▶ _Given records_:
**********

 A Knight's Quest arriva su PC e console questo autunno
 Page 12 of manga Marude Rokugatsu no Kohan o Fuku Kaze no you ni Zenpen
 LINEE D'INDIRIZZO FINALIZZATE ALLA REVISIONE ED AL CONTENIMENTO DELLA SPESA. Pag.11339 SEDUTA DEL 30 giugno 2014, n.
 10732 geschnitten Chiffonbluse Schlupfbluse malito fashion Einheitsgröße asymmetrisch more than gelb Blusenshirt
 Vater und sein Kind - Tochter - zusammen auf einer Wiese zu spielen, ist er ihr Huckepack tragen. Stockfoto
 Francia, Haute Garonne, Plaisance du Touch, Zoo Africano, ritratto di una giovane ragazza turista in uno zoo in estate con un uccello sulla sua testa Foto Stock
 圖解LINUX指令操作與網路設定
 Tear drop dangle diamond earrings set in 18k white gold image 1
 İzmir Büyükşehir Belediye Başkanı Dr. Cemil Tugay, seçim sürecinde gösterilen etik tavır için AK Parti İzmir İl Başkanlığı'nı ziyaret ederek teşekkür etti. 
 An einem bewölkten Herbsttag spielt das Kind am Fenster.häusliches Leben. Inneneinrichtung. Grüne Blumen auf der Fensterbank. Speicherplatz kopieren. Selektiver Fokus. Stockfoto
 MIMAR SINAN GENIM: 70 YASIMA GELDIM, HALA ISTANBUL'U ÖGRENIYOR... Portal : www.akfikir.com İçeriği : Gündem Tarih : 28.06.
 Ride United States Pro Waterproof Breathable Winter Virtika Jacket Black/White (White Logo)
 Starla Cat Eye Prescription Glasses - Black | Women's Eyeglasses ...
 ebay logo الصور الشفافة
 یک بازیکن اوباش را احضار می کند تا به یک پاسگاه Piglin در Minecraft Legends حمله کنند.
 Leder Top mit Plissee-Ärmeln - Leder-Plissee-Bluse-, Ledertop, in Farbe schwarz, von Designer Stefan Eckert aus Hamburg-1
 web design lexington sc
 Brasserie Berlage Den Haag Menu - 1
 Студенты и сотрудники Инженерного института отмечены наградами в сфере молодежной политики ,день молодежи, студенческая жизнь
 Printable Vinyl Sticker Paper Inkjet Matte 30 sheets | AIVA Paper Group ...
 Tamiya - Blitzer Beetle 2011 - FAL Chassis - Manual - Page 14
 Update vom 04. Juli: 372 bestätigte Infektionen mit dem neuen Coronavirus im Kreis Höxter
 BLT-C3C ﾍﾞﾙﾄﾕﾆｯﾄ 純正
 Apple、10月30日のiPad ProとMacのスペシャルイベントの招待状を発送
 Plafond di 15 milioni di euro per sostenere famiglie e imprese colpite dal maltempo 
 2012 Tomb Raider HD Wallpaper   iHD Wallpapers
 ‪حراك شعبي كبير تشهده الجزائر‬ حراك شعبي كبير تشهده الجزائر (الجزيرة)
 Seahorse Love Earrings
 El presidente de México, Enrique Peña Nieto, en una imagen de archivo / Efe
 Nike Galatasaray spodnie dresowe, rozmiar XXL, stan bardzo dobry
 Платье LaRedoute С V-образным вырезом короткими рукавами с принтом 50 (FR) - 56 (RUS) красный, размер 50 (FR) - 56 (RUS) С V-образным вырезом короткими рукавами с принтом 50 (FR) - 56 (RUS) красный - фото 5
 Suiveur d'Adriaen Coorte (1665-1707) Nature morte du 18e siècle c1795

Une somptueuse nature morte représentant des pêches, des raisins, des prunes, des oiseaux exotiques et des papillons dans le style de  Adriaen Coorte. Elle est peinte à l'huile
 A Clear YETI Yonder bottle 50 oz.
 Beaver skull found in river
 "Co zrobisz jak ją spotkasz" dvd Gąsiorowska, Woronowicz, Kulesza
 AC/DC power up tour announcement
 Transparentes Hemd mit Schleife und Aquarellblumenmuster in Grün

**********

▶ _Work order_:
Check each line above for the string "morte" and return those that contain it.

▶ _Solution for this problem_:
 Suiveur d'Adriaen Coorte (1665-1707) Nature morte du 18e siècle c1795
Une somptueuse nature morte représentant des pêches, des raisins, des prunes, des oiseaux exotiques et des papillons dans le style de  Adriaen Coorte. Elle est peinte à l'huile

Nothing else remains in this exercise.